FLW Walleye Tour pro Robert Crow says anglers can cover a lot more water with blades than with jigs.Tackle is an important consideration. On spinning tackle, Crow spools a reel with 10-pound Berkley FireLine ending with a 2-foot leader of 8-pound monofilament. He connects the blade to the line’s business end with a plain snap, not a snap swivel, which hampers the blade’s tumble on the fall.

To work a blade, Crow suggests dropping it to the bottom, keeping the line purely vertical by chasing after it with a bowmount electric trolling motor and otherwise drifting at the speed of the current. The stroke, however, can vary. Experiment with 6-inch lifts and then with more aggressive rips of a foot or more.
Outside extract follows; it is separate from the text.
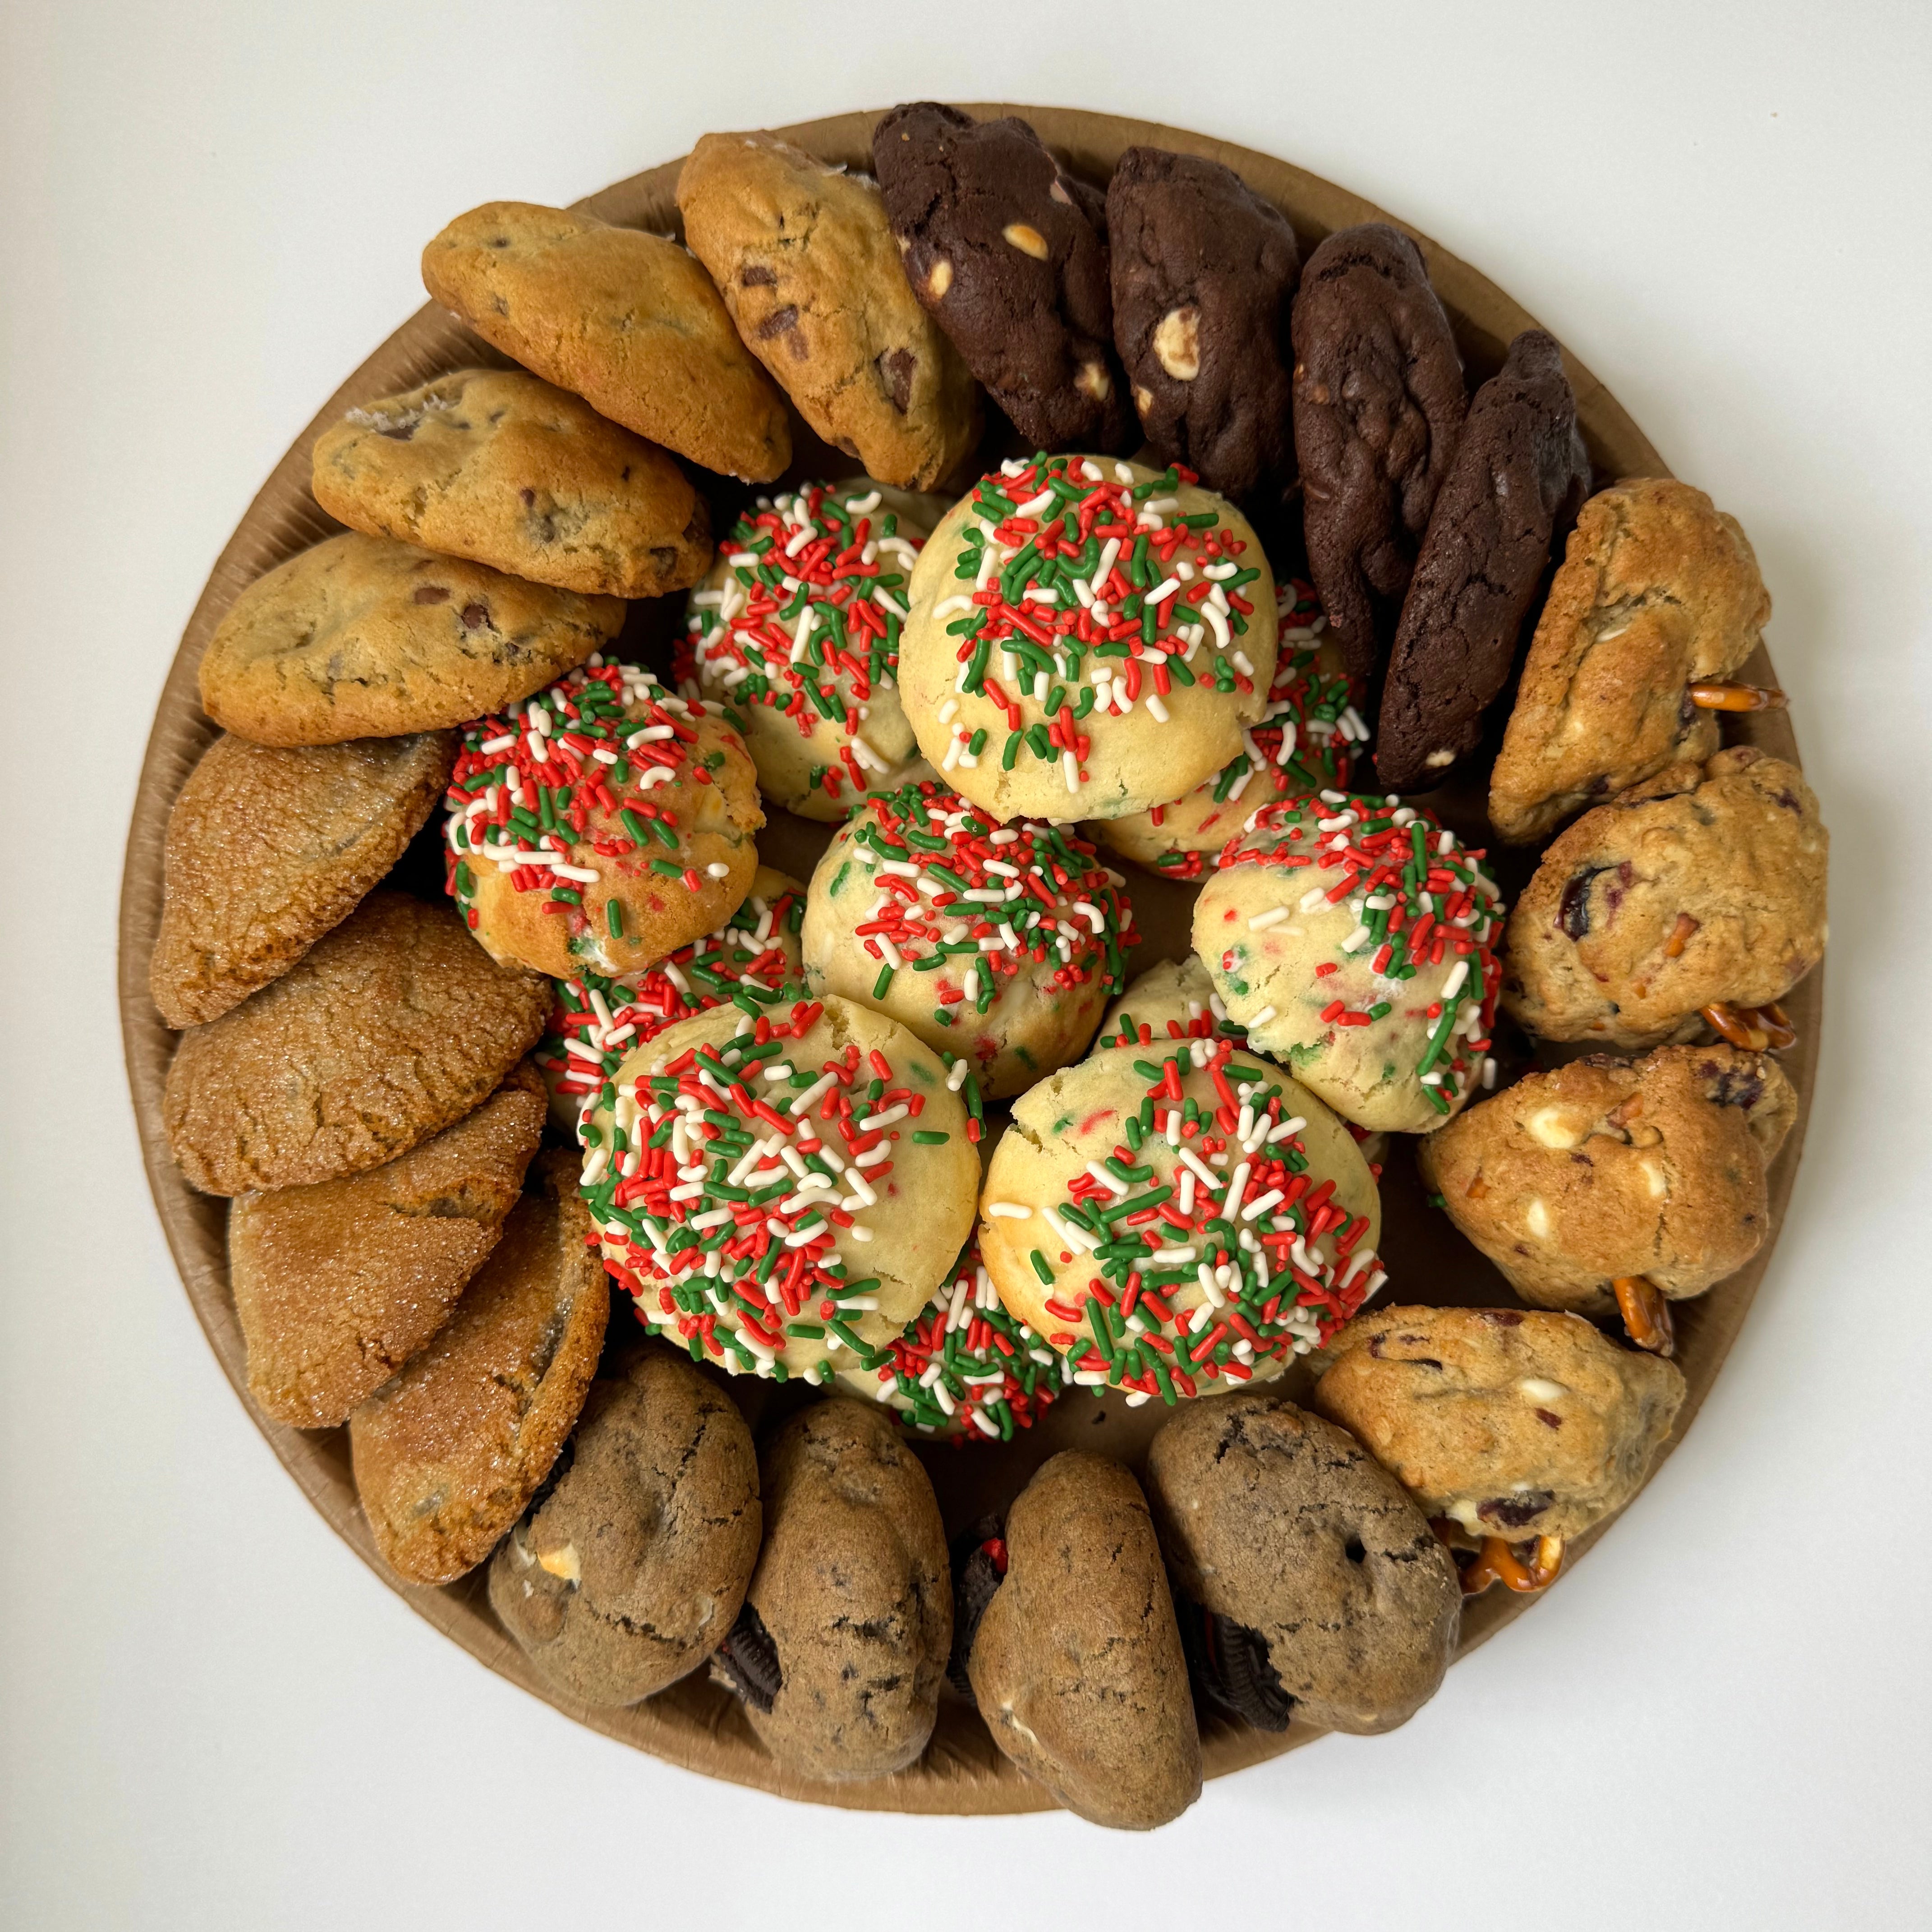 Large Party Tray - $59 (100 - 1 oz. cookies) - Mary's Mountain Cookies

Crow’s favorite blades, furthermore, are those with flat, rather than cupped, sides. Cupped blades tend to tumble less effectively in current. Some options: Reef Runner’s Cicada, Silver Buddy Lures’ Silver Buddies, Heddon’s Sonar and Yakima Bait’s Showdown. When blades have multiple holes for attaching the snap, go with the one in the middle for vertical jigging.

With blades, it’s possible to keep the bait near bottom with speed and flash while straining specific holding areas such as deep holes, humps and cuts in the channel edge with greater efficiency and triggering power than with a jig tipped with bait. Sure enough, opportunity knocks for search-and-destroy missions on moving waters when everywhere else in walleye country is sealed with ice.